Ouverture du procès ce mardi d’un Genevois accusé d’avoir fait assassiner un compatriote aux Philippines en octobre 2014. Il avait pour projet d’ouvrir un bar dans ce pays avec la victime. Celle-ci a été retrouvée morte, tuée d’un coup de couteau dans le cœur, sur l’île de Mindanao. L’accusé aurait payé les tueurs avec l’argent de son futur associé, qui avait amené ce cash pour l’ouverture du bar.
L’accusé conteste tous les faits qui lui sont reprochés. Il est jeune, il a 24 ans. Malgré sa corpulence plutôt imposante, il répond presque avec timidité aux questions de la juge du tribunal criminel, Sabina Mascotto, à la manière d’un tout jeune garçon. L’accusé parle parfois dans sa barbe et la juge lui fait souvent répéter.
Ses parents se divorcent lorsqu’il a 6 ans, et il vit avec sa mère et son beau-père à Genève. A 13 ans, il rejoint son père en France, et fait deux ans d’internat à Nimes. En 2009, il revient chez sa mère où il cumule les petits boulots. Un emploi à Mobilzone qui se termine par une plainte de son employeur pour vol…alors qu’il est encore mineur…grâce aux mesures de réinsertion, il travaille ensuite dans l’informatique et dans divers restaurants.
En 2013, il part aux Philippines pour un emploi dans un resort. Là-bas, il se lie avec une femme qui lui annonce en novembre qu’elle est enceinte. Sa fille Serena naît en 2014. «A chaque fois que j’avais besoin d’argent, je demandais à ma famille », déclare l’accusé. Une généreuse grand-mère mais aussi sa mère l’aident. Pour les couches de son bébé et pour le lait en poudre.
Puis il décide d’ouvrir un bar aux Philippines avec un ami suisse.
Un futur associé qui verse sur le compte du prévenu, en septembre 2014, plus de 11'000 francs suisses dans la perspective de prendre un bar sur une des îles. Mais l’associé meurt un mois plus tard d’un coup de couteau dans le cœur, sur l’île de Mindanao. Selon l’acte d’accusation, le prévenu aurait attiré la victime sous prétexte d’acheter du matériel pour le fameux bar. L’accusé aurait ensuite conduit la victime sur une route isolée. Des tueurs à gage, engagés par le prévenu, l’y attendaient. C’est là qu’ils s’en sont pris à la victime, lui assénant un coup de couteau fatal dans le cœur.

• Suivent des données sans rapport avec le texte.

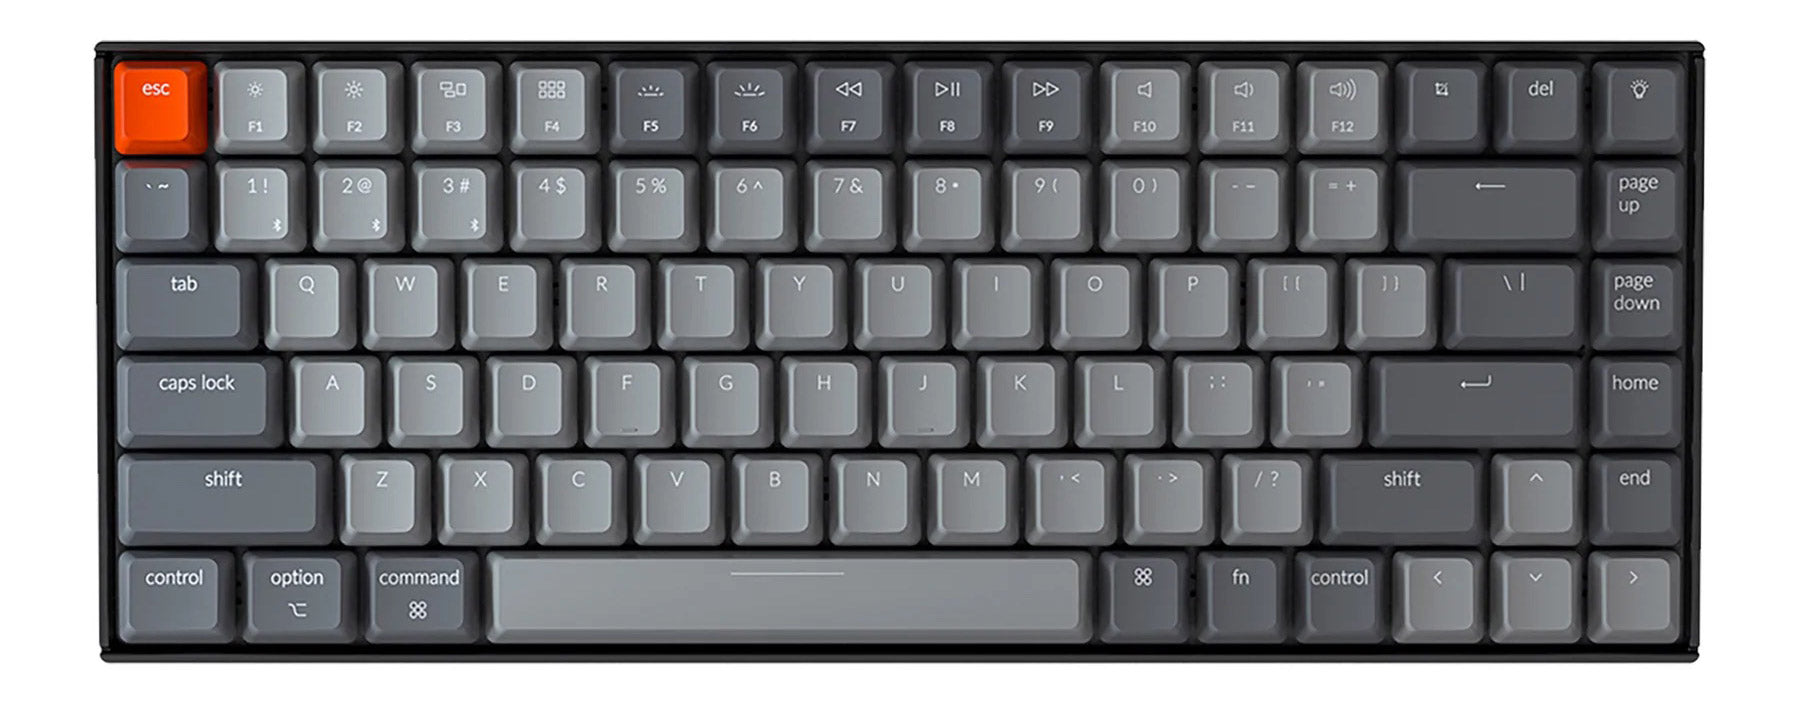 Keychron K2 wireless mechanical keyboard for Mac Windows iOS Gateron switch with type-C RGB white backlight

L’audition de l’accusé se poursuit cet après-midi.
Et l’accusé nie tous les faits. Selon sa version, son associé aurait été tué par des Philippins pour lui voler son cash. Il aurait voulu acheter une arme à feu dans l’île de Mindanao. Et là, tout aurait dérapé. Des hommes à moto l’auraient attaqué au couteau. Le prévenu affirme avoir également reçu des menaces répétées de la part de la victime elle-même, durant le mois de septembre 2014. Des menaces contre lui-même, sa famille en Suisse mais aussi contre sa compagne philippine et sa fille Serena. L’interrogatoire de la juge se poursuit.

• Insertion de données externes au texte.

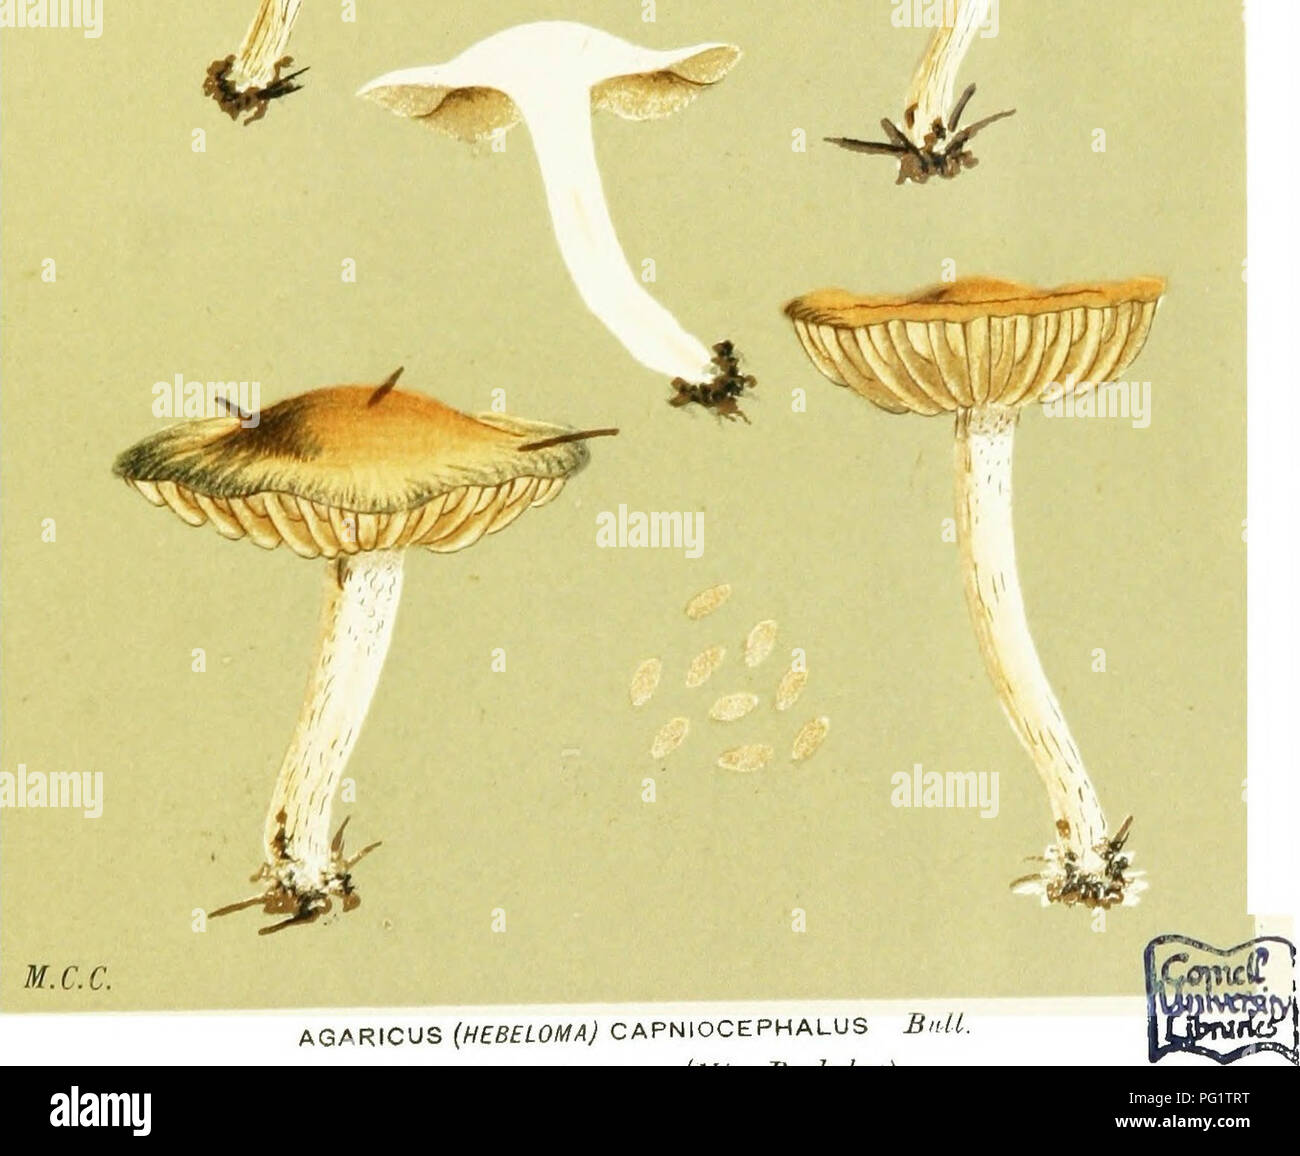 . Abbildungen der britischen Pilze (hymenomycetes) als Atlas für das "Handbuch der britischen Pilze" dienen. Pilze; Botanik. /*' 4,^mxmv,. ,. AGARICUS (HEBELOMA) CAPNIOCEPHALUS £&gt; M. aiiion;/^/piiK - Imri-. s. Ciliiv. s Berkeley). Bitte beachten Sie, dass diese Bilder sind von der gescannten Seite Bilder, die digital für die Lesbarkeit verbessert haben mögen - Färbung und Aussehen dieser Abbildungen können nicht perfekt dem Original ähneln. extrahiert. Cooke, M. C. (Mordecai Cubitt), b. 1825; Cooke, M. C. (Mordecai Cubitt), b. 1825. Handbuch der britischen Pilze. London, Williams und Norgate Stockfoto

"C'est elle qui a tout manigancé"
L'accusé est renfermé, changeant. Il modifie sa version des faits au gré des questions…de la juge d’abord, du procureur ensuite. Il est question des nombreux messages retrouvés sur son téléphone Samsung, durant le mois précédent le meurtre et le jour même. Des sms retrouvés récemment, grâce aux avancées technologiques. Ils avaient été effacés avant qu’il ne soit entendu en 2014 comme prévenu par la police, juste après son retour des Philippines.
« Je ne suis pas l’auteur de ces messages» déclare l’accusé à la juge du tribunal criminel. Ils seraient l’œuvre de sa compagne philippine, la mère de sa fille. «Elle me faisait du chantage et je lui ai versé 5'000 francs en 2015, c’est elle qui a tout manigancé!». Devant le tribunal, il charge son ex-compagne et clame son innocence. Les imprécisions successives du prévenu, ses réponses approximatives laissent planer un sérieux doute sur ses déclarations. La salle est perplexe. En fin de journée, lorsque son père vient à la barre pour témoigner, l'accusé s'effondre, la tête entre les mains.